At first I went the other way (found the image of one CA relative to another and started to prove that I got a third CA), but then I found the solution you described.
In principle we can consider the case of infinite figure (strip or something similar), there it turns out that symmetry centres can be generated an infinite number (by "walking excavator" method) :) But I think, in fact, a finite figure is enough.
Нашел монетку написано: HALF PENNY это сколько будет в %% от GBP? :)
Yes, I forgot to say! The coin is from 1958, that's important!
And I have a neat solution to a geometric problem, if anyone remembers it ("There are two circles and a point.

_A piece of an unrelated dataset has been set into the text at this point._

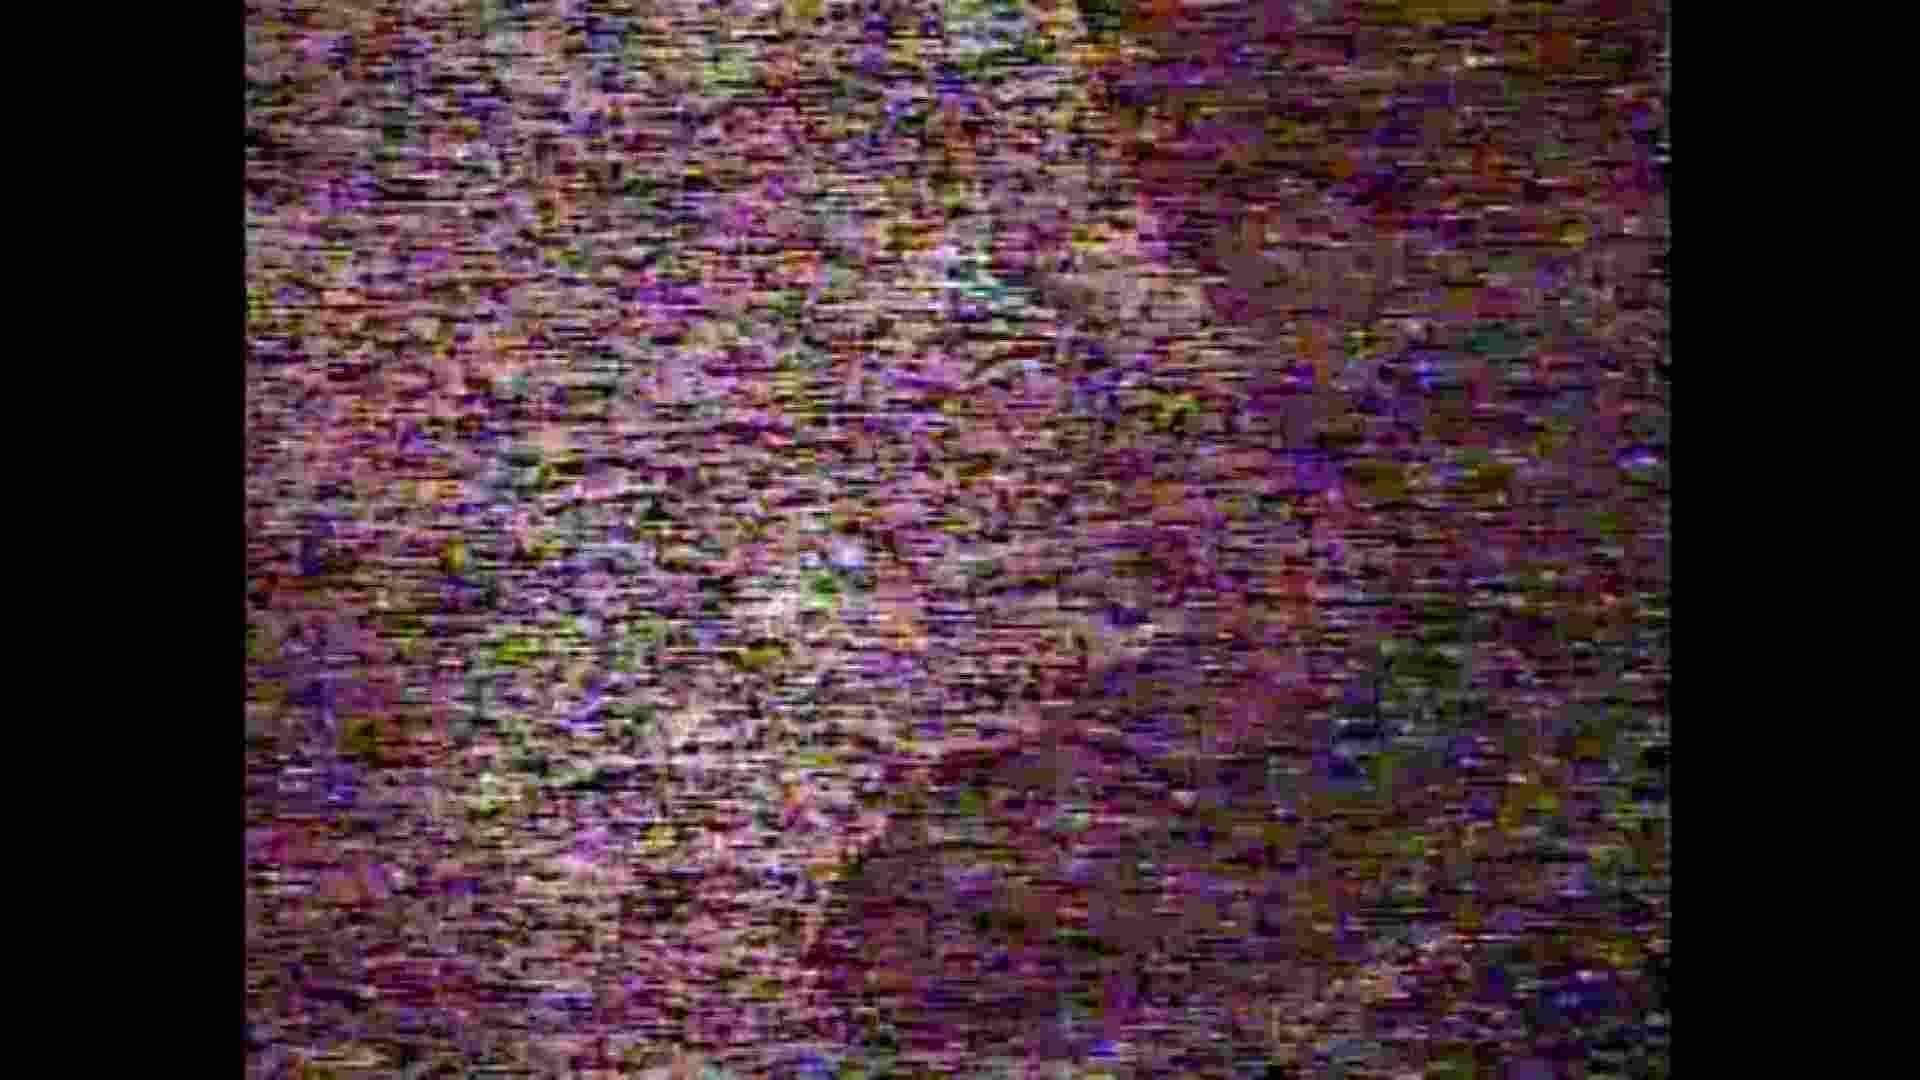 レース場での秘め事 Vol.05 潜入 のぞき動画キャプチャ 80pic 52

Construct a segment whose ends lie on the given circles, and whose middle is at the given point"). Here it is half an hour ago.
Yurixx, and it is extremely characteristic that the construction itself determines when the solution to the problem exists. I.e. writing out constraints in the problem condition is almost the same as solving it.
Hint: the solution popped into my head just after I saw alsu's solution.
You have a strange centre of symmetry.
If by the centre of symmetry we mean the point about which a 180-degree rotation results in an exact match, then 2 centres are hard to come by. But infinitely many of them are welcome.
Let us take the graphs of functions F1(x) = cos(x)+1 and F2(x) = cos(x)-1 in the plane. The part of the plane between these graphs is our figure. Its symmetry centres are all points x divisible by pi.